May 2, 2022
CHICAGO (May 2, 2022) –Today, the U.S. Environmental Protection Agency (EPA) announced that the Door County area will be formally redesignated to attainment of the 2015 National Ambient Air Quality Standard (NAAQS) for ground-level ozone. Air monitoring data from 2019 through 2021 show the area now meets the most recent national standard set to protect public health.
“People in Door County are breathing cleaner, healthier air due to EPA’s partnership with the state of Wisconsin,” said EPA Region 5 Administrator Debra Shore. “Reducing ozone pollution in the air is especially helpful for vulnerable populations.”
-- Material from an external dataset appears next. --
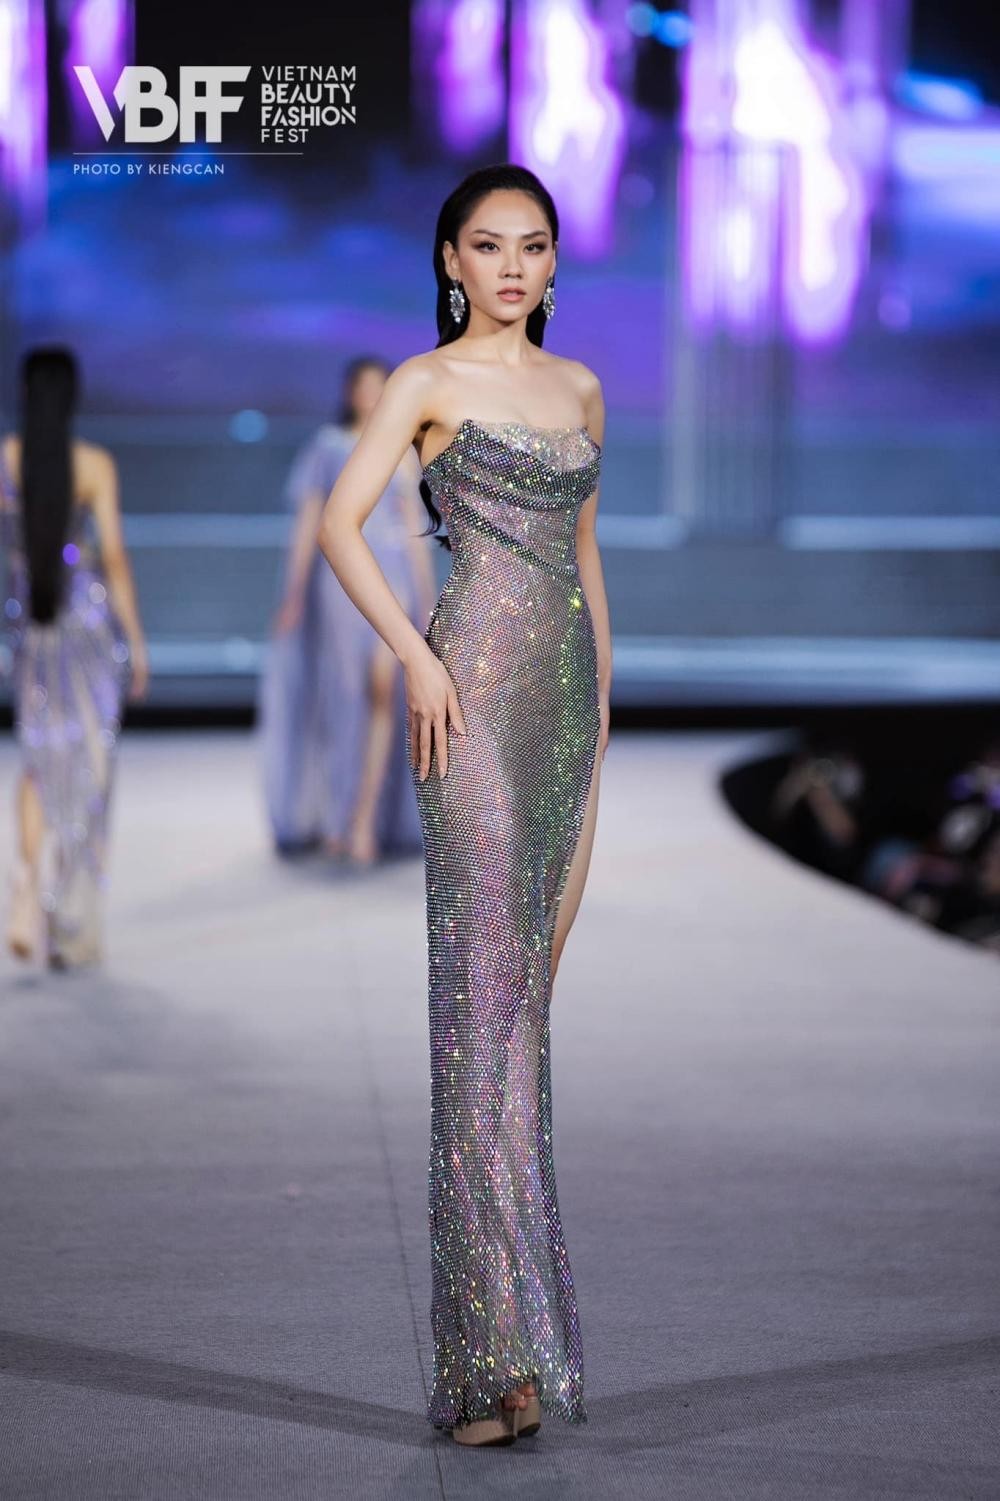 Hoa hậu Mai Phương cực khéo chọn đầm dạ hội, thiết kế nào cũng tôn dáng tuyệt đối ảnh 4
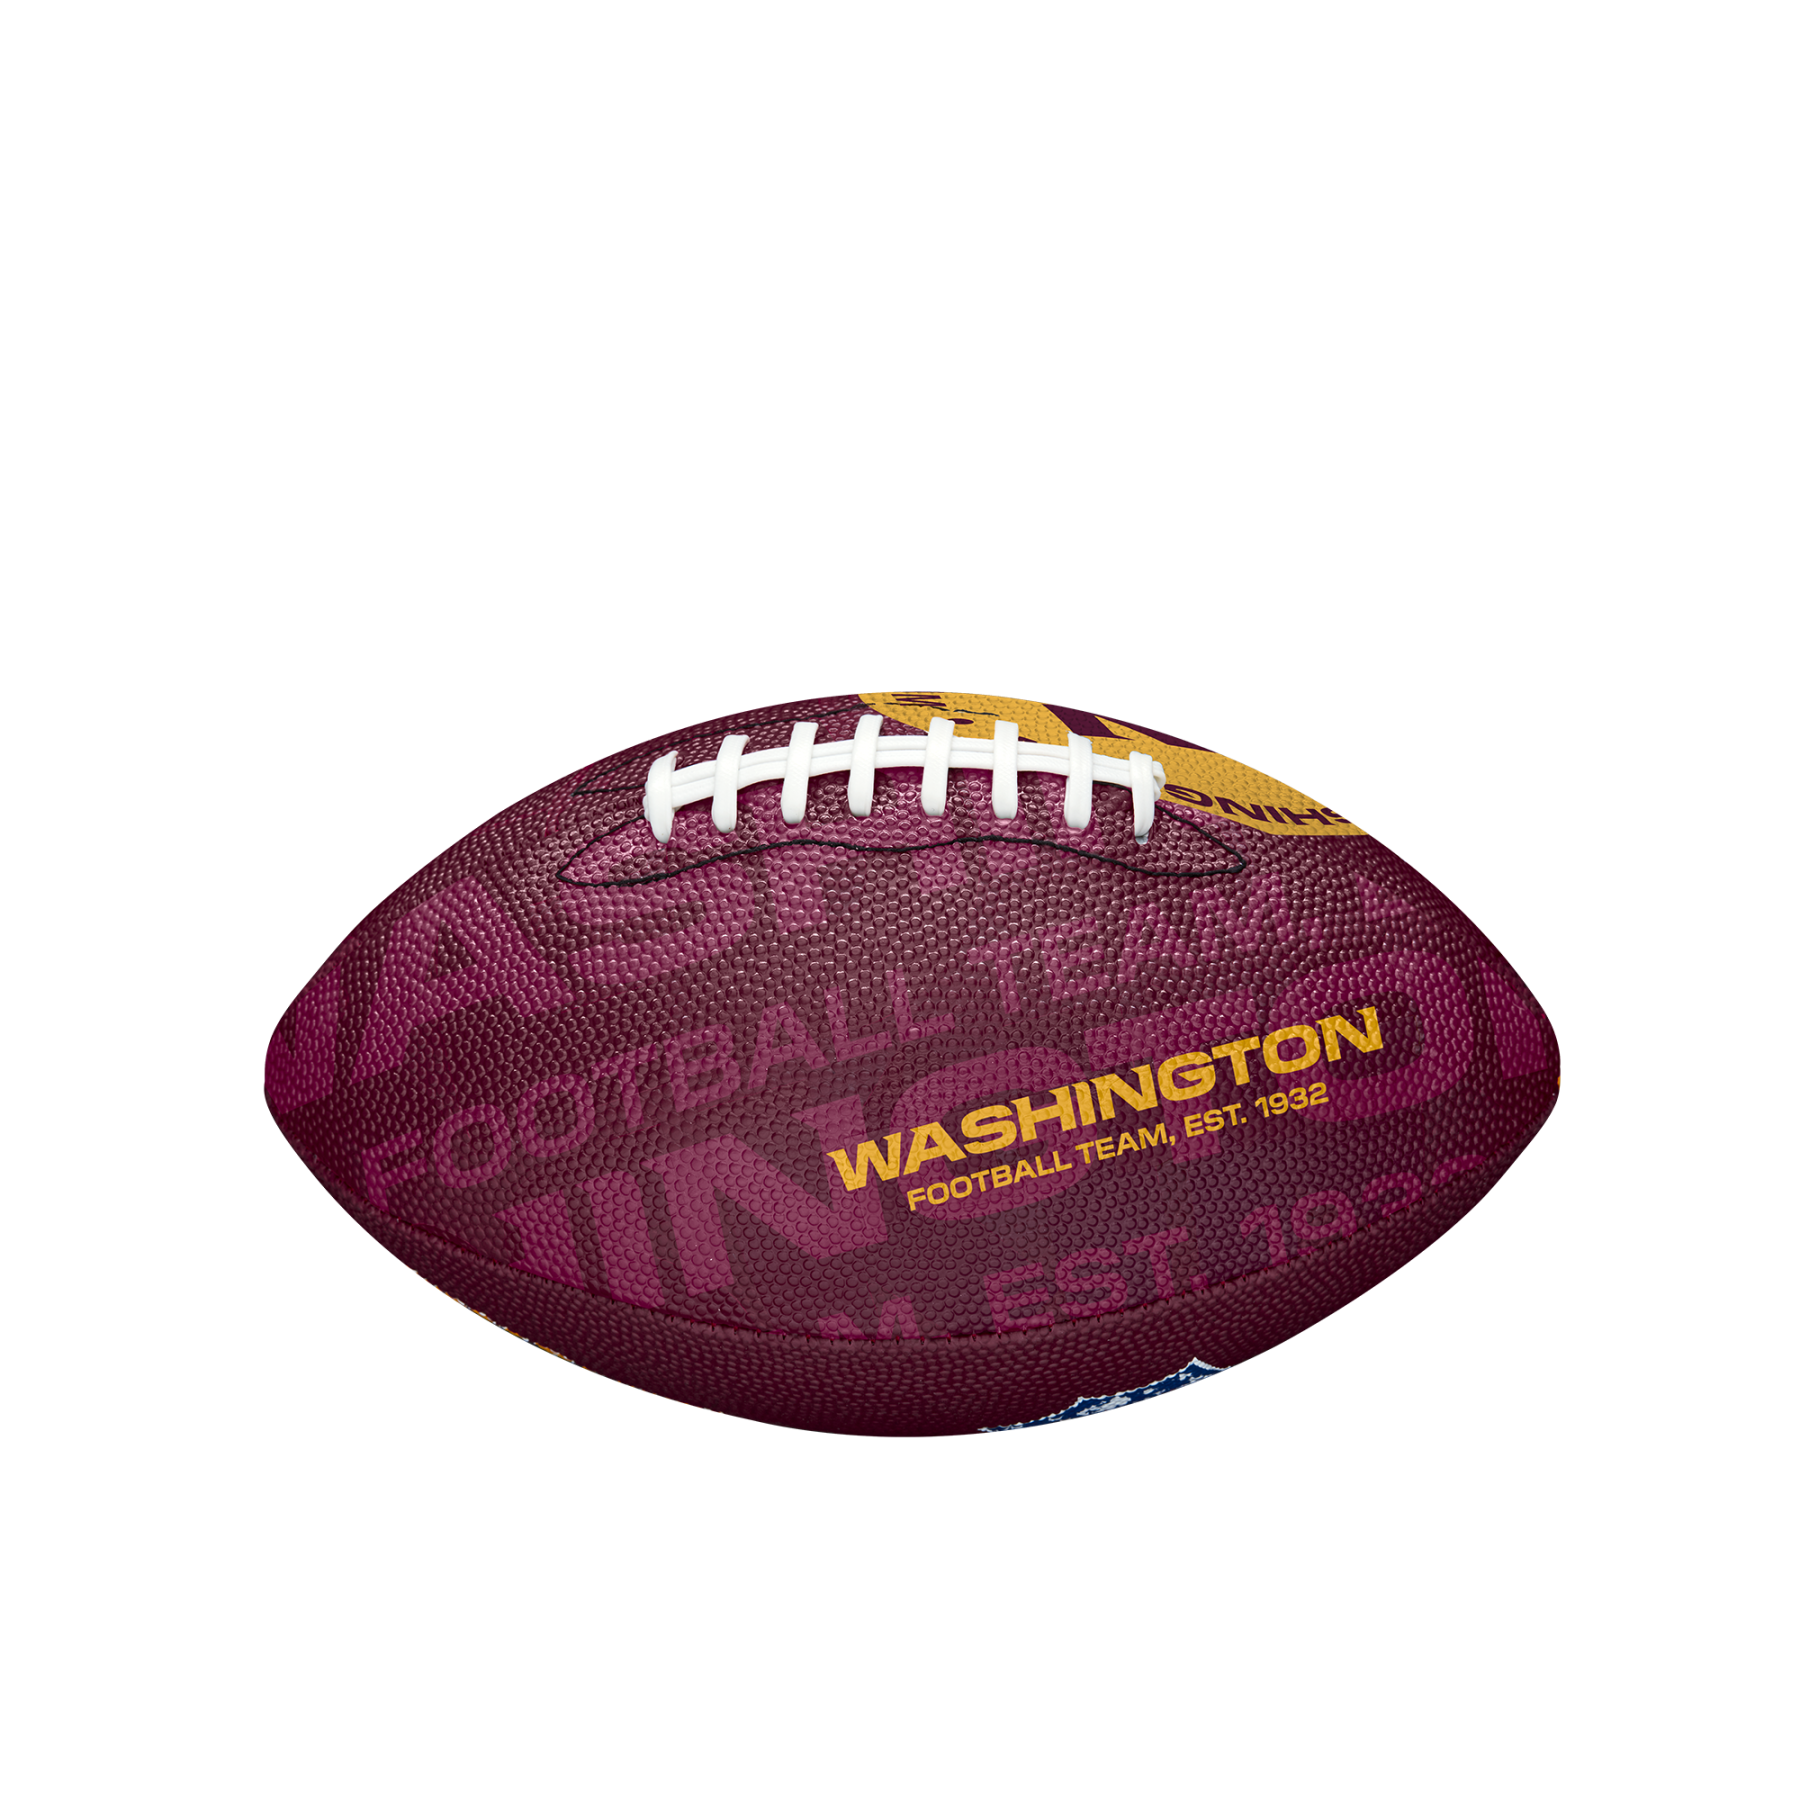 Ballon enfant Wilson Redskins NFL Logo

EPA worked collaboratively with Wisconsin to develop strategies for attaining the ozone standard in the revised Door County nonattainment area, which consists of portions of the county north of the Sturgeon Bay canal but excluding Newport State Park. The area south of the canal has been designated as attaining the standard since 2018. In 2020, EPA redesignated the area including Newport State Park to attainment of the standard. In 2021, in response to a court decision, EPA designated an additional portion of Door County as nonattainment for the ozone standard. In the current rulemaking, based on newer air quality data, EPA is redesignating the remaining portion of Door County to attainment and approving Wisconsin’s maintenance plan to ensure that the area will continue to meet the 2015 ozone standard.
Ground-level ozone is not emitted directly into the air but is formed when nitrogen oxides (NOx) and volatile organic compounds (VOCs) react in the presence of sunlight. Emissions from industrial facilities and electric utilities, motor vehicle exhaust, gasoline vapors, and chemical solvents are some of the major sources of NOx and VOCs. Reducing ozone will help people to experience fewer health problems including chest pain, coughing, throat irritation and congestion. Less ground-level ozone will also help to avoid worsening conditions such as bronchitis, emphysema, and asthma, and it will help to avoid reducing lung function or inflaming the linings of the lungs. Children will especially benefit from reduced exposure to ozone because their lungs are still developing.
The improvement in air quality is due to state and EPA programs to reduce NOx and VOC emissions. These control measures include more protective vehicle emissions standards, nonroad engine emissions standards, and programs to reduce emissions from power plants. Nationally, average concentrations of ozone decreased 20% from 2000 to 2020. All other air pollutants regulated under NAAQS – carbon monoxide, lead, nitrogen dioxide, particulate matter and ozone – have also significantly decreased thanks to the various air quality management and control strategies developed and implemented at the local, state, regional, and national level.